I know it doesn't, but that doesn't change anything I said. All of the privileges corporations enjoy are negotiable and can be revoked by that which created them in the first place: governments.
AT&T can't restrict who can use their network to make phone calls based on the political views or the content of the call. Why should Google, Facebook, or Twitter? Especially when special liability exemptions were made without which they likely wouldn't even be in business.
Plus we could make them civilly and criminally liable for every bit of fraud, defamation, child porn, copyright violation, and etc. that involves their network.
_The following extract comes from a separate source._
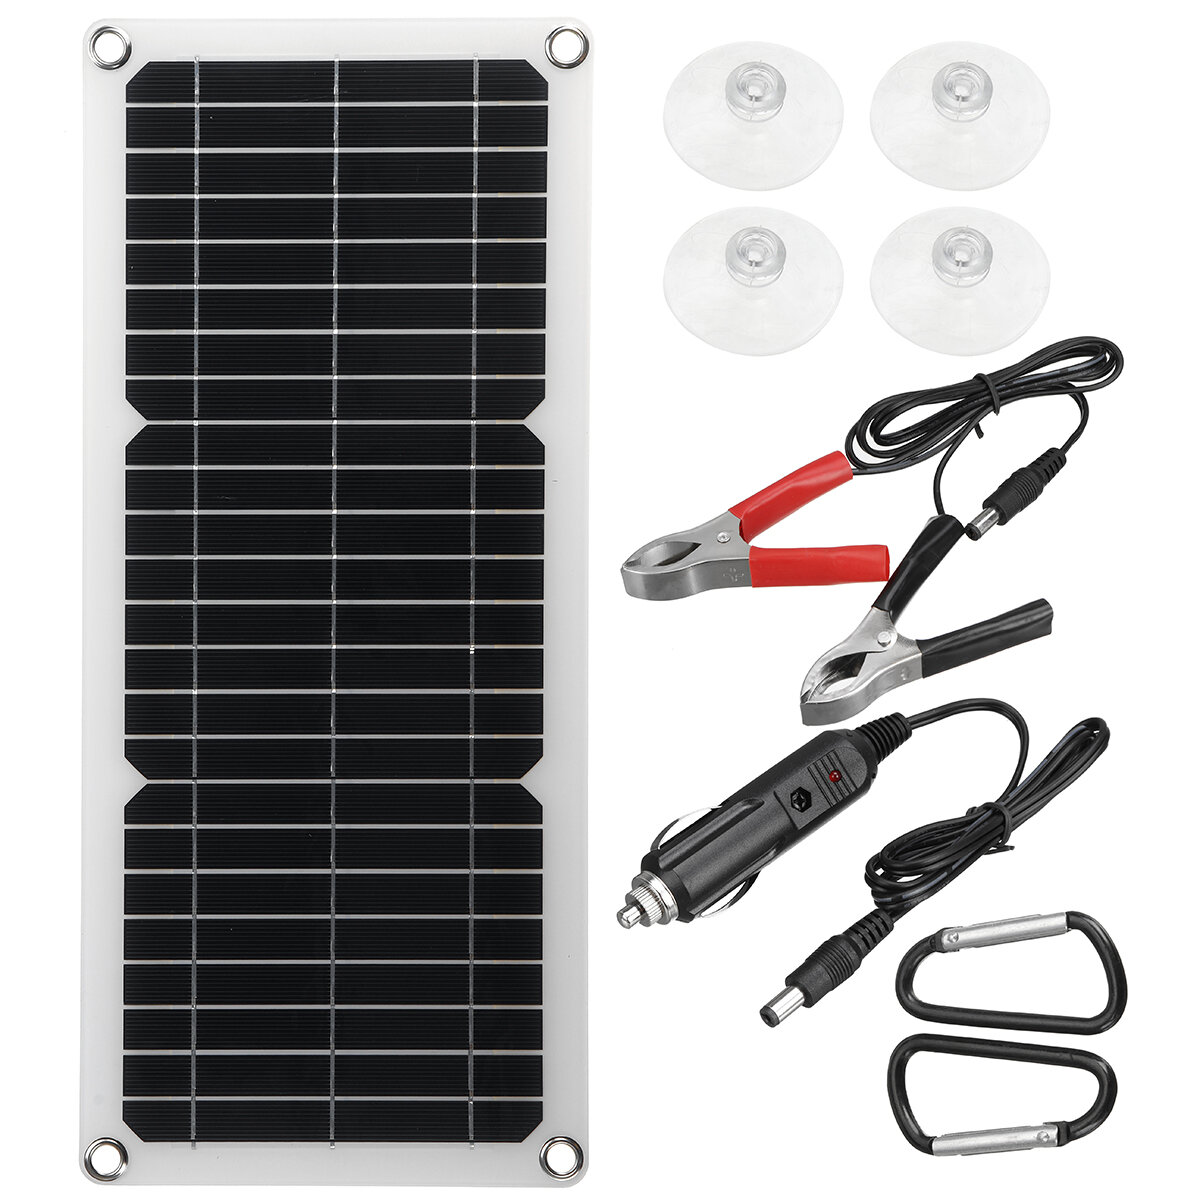 12W Solar Panel USB Çıkışı bileme Şarj Cihazları Solar Hücreler Taşınabilir Outdoor Kampçılık Acil Durum Gücü

Maybe they roll a D20 if you don't fill out the survey and if you roll a 1, you're banned for life (what can I say, they make up the rules for bans). Would the almighty free market really build another grocery store for that 5% of banned people? No... they would go hungry.
We don't live in a libertarian utopia where private property is not regulated. If you're a store-owner, for example, there are some things you simply cannot do or must allow. In California, for example, a private space, like a mall, has to allow constitutionally protected speech[1].
You can regulate platforms to allow for, say, free speech rights.
[1] https://en.wikipedia.org/wiki/Pruneyard_Shopping_Center_v._R...
"under the California Constitution, individuals may peacefully exercise their right to free speech in parts of private shopping centers regularly held open to the public, subject to reasonable regulations adopted by the shopping centers"
I made no judgment on the decision. The decision itself is periphery to my argument, namely that governments are perfectly capable regulating speech on platforms ... because they already are in many many other domains.
I know, because it happened to me, and it will happen to you, too. Eventually, you'll have a "hot take" on a topic against the hive mind of whatever media you use, and you're done.
If media companies allow public access to their services, they MUST become public spaces, and/or public services. TOS be damned.
If they want to restrict users when they sign up (just an example) "you must be liberal or conservative," fine. They are preemptively limiting their customers to certain conversations. But if they allow everyone in, you cannot mute one set of people.
If the USG were to approve a publicly-funded centralized chat program and contracted that work out to Discord, I would support/approve subjecting them to the rules people are suggesting here. But that hasn't happened and most likely will not happen.